• [Directions] Pictures stay out; everything else in the listing below is to be restated word for word.

• [Given information]
BEGIN

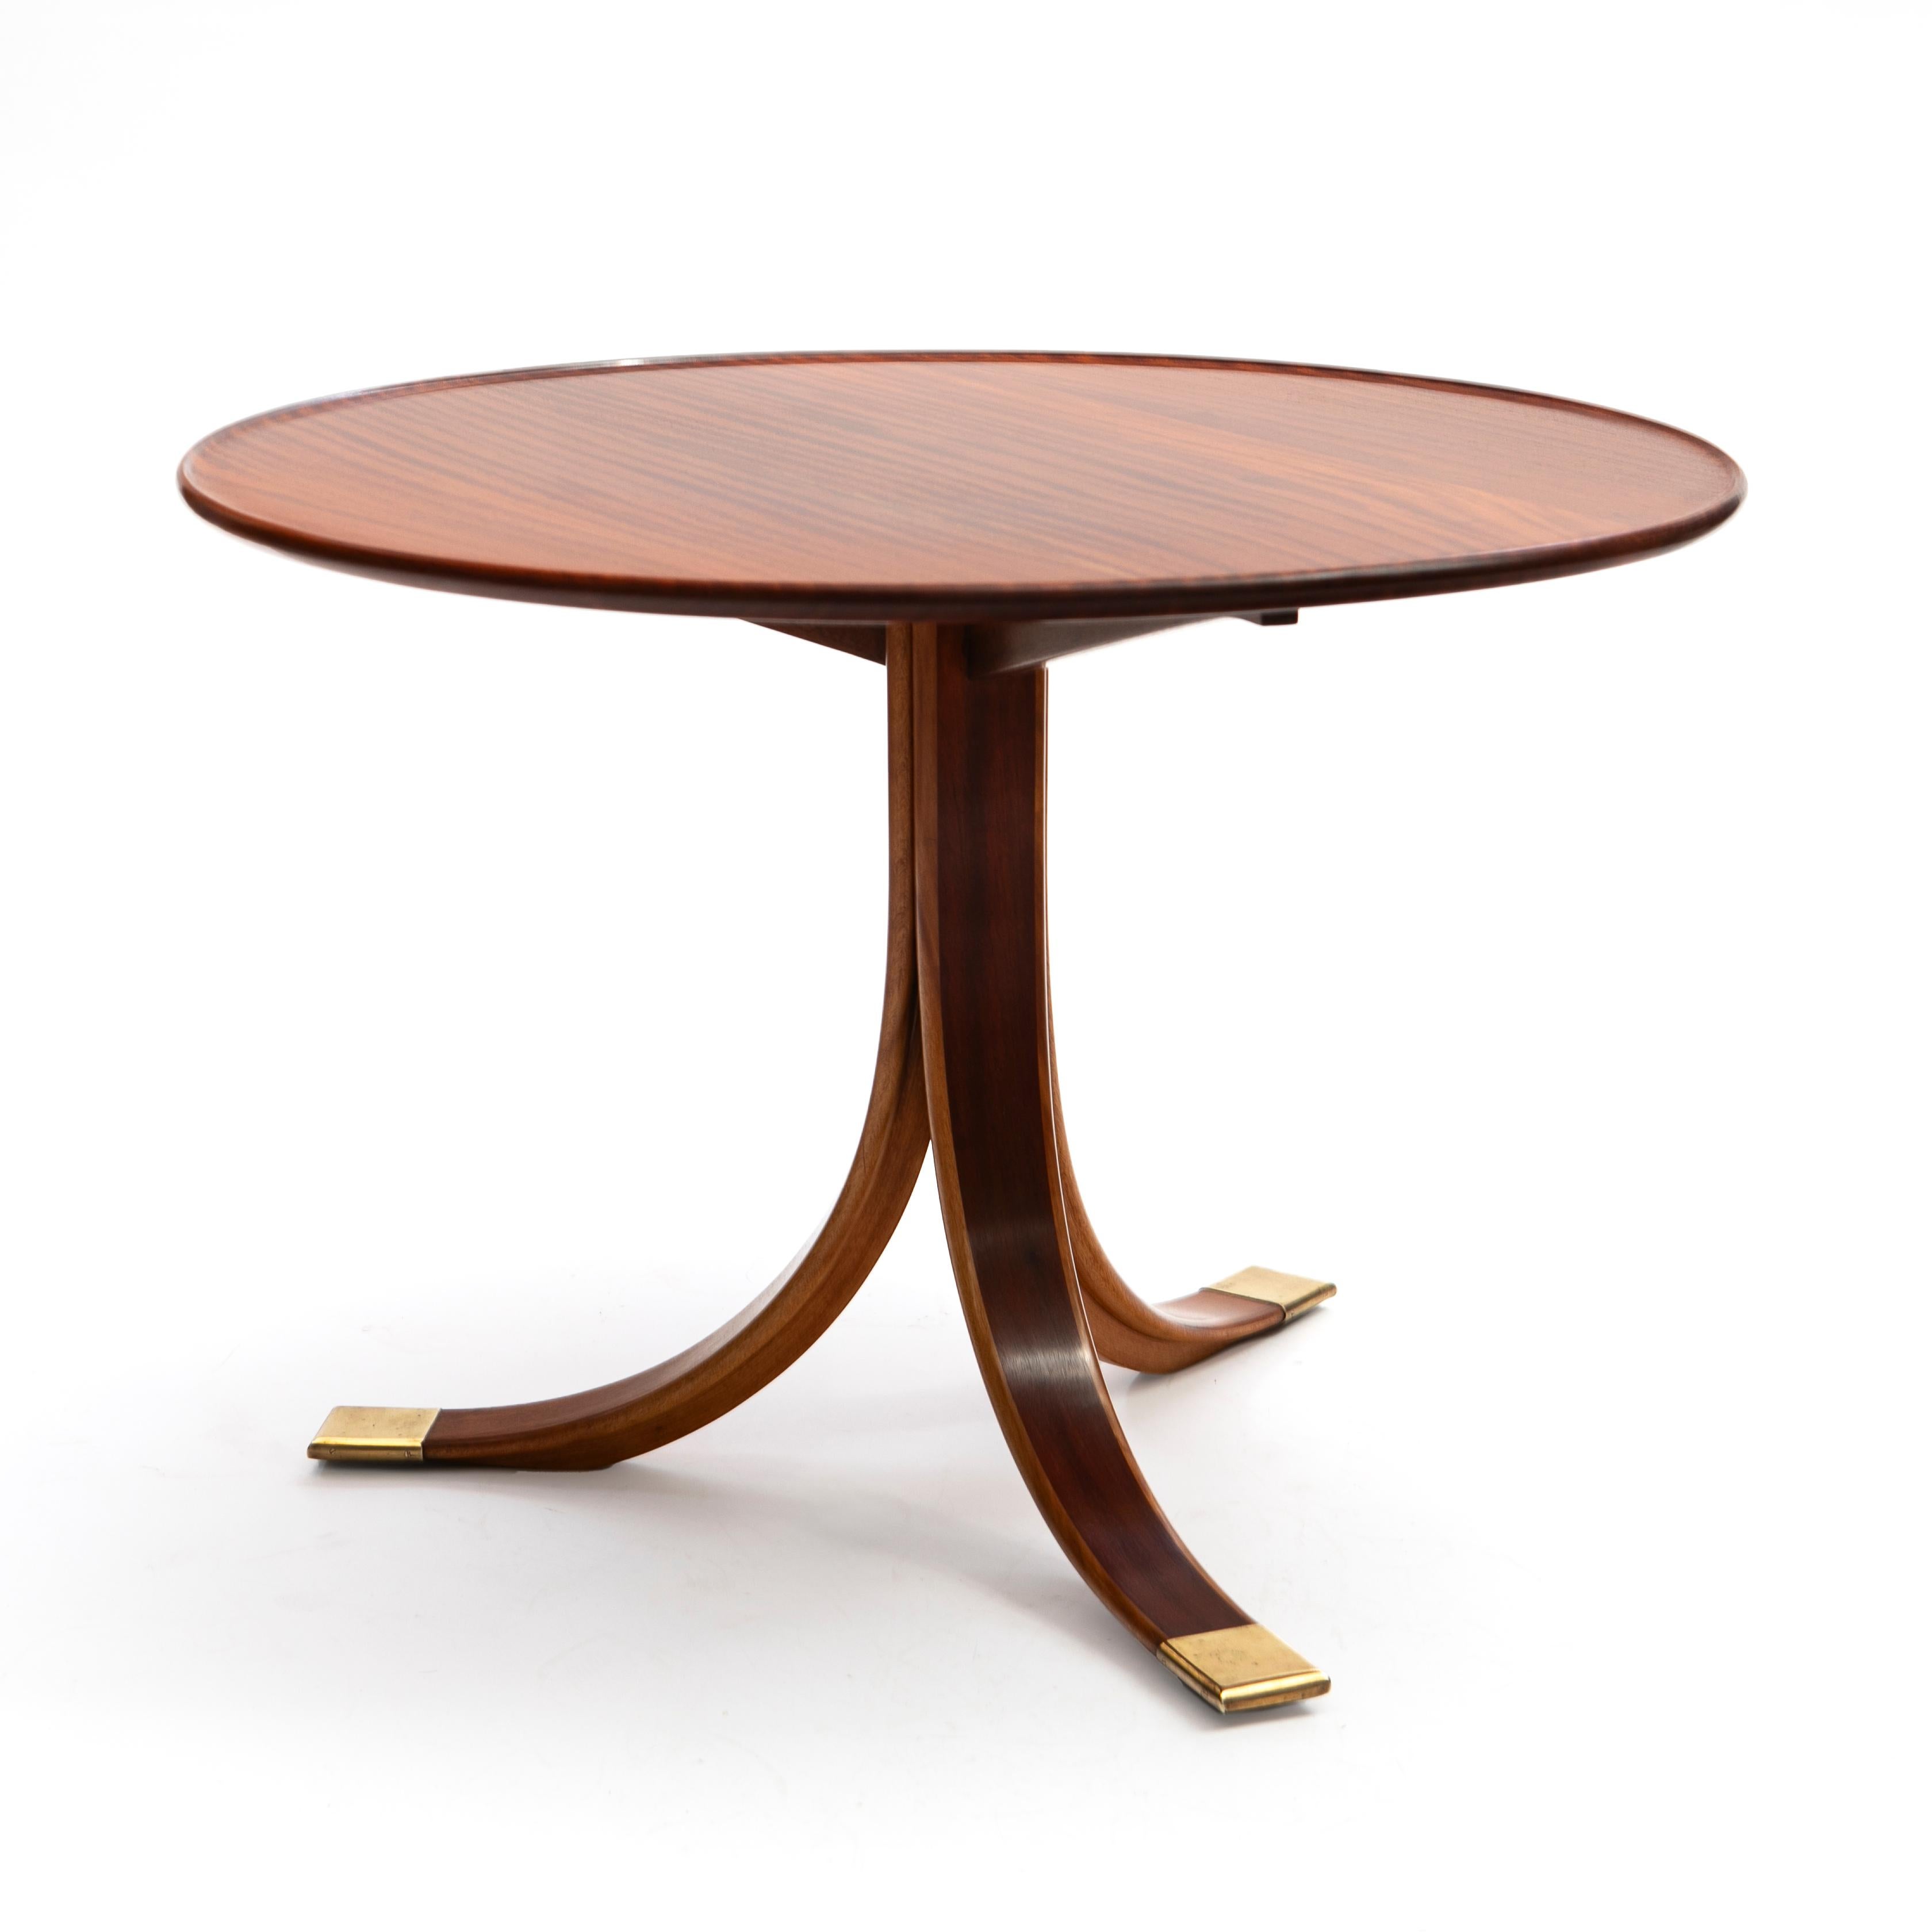 Frits Henningsen 1889-1965.
Round pedestal coffee table in solid mahogany by designer and cabinetmaker Frits Henningsen.
Table top with fluted edge resting on tripod foot with maple wood inlays ending in brass shoes.
Designed and crafted in Frits

END

• [Solved problem]
 Frits Henningsen 1889-1965.
Round pedestal coffee table in solid mahogany by designer and cabinetmaker Frits Henningsen.
Table top with fluted edge resting on tripod foot with maple wood inlays ending in brass shoes.
Designed and crafted in Frits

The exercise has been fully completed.